Somatic GNAS mutations in acromegaly: prevalence, clinical features and gender differences.

Abstract

Background: Somatic GNAS mutations are acknowledged as a significant etiological factor for acromegaly. However, the relationship between GNAS mutation status, clinical characteristics and gender has not been adequately investigated. This study aims to address these gaps by examining GNAS mutations and delineating the detailed clinical profile of affected patients within a Chinese acromegaly cohort.

Methods: Our study encompassed 97 individuals newly diagnosed with acromegaly, who underwent surgical treatment between May 2015 and January 2022. We obtained DNA from frozen pituitary adenomas to screen for GNAS hotspot mutations and assessed the associated clinical characteristics.
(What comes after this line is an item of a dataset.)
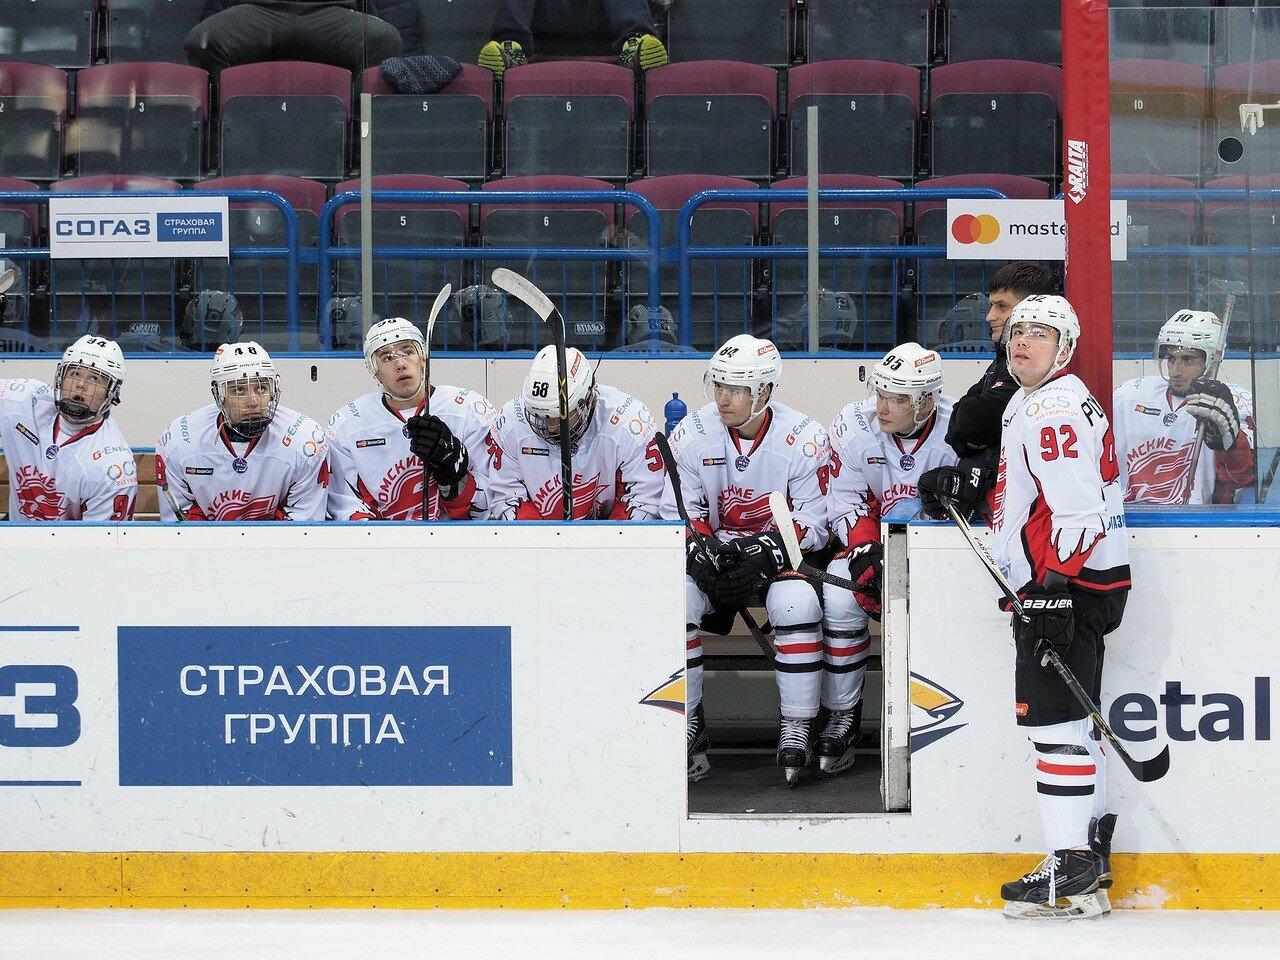 4Стальные Лисы - Омские Ястребы 13.12.2016

Results: In our cohort, 44.3% (43/97) of patients exhibited somatic GNAS mutations. Patients with mutations were predominantly male (58.1% vs. 33.3%, p=0.015), experienced longer diagnosis delays [72.0 (48.0, 120.0) vs 36.0 (21.0, 75.0) months, p=0.002], had smaller maximum tumor diameters (1.75±0.83 vs. 2.23±0.89 cm, p=0.008), and demonstrated higher rates of GH secretion per unit tumor volume [18.93 (9.67, 30.12) vs 10.91 (2.80, 20.40) ng/mL/cm3, p=0.005]. Regarding gender-specific differences, GNAS mutations in male patients were linked to significantly higher baseline GH levels [24.40 (14.40, 36.30) vs. 10.55 (5.25, 16.95) ng/mL, p=0.002], while female patients with mutations had notably smaller tumor sizes (1.55±0.55 cm vs. 2.32±0.85 cm, p<0.001).
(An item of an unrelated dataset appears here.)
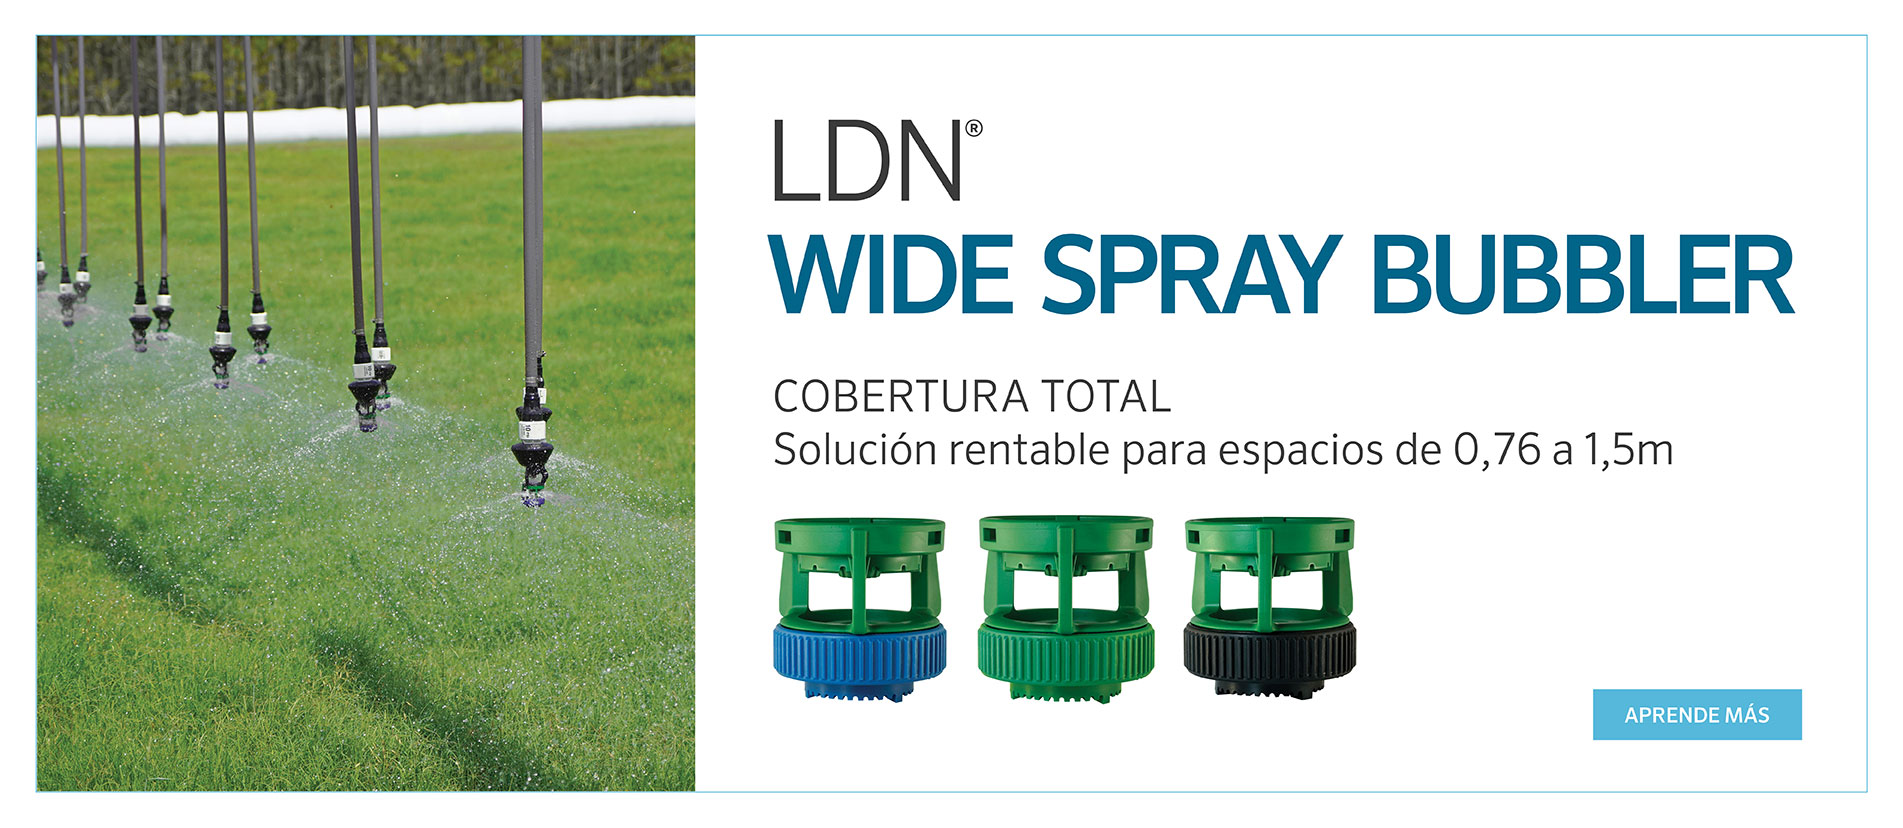 LDN® Wide Spray Bubbler: solución de cobertura total para un espaciado de 0,76 y 1,5 m

Conclusion: GNAS mutations are prevalent among Chinese acromegaly patients, correlating with reduced pituitary tumor sizes and enhanced GH secretion functions. Our findings underscore the influence of gender on the clinical manifestations of GNAS mutations. Accordingly, we recommend that future clinical and foundational researches on acromegaly give heightened consideration to gender-specific differences.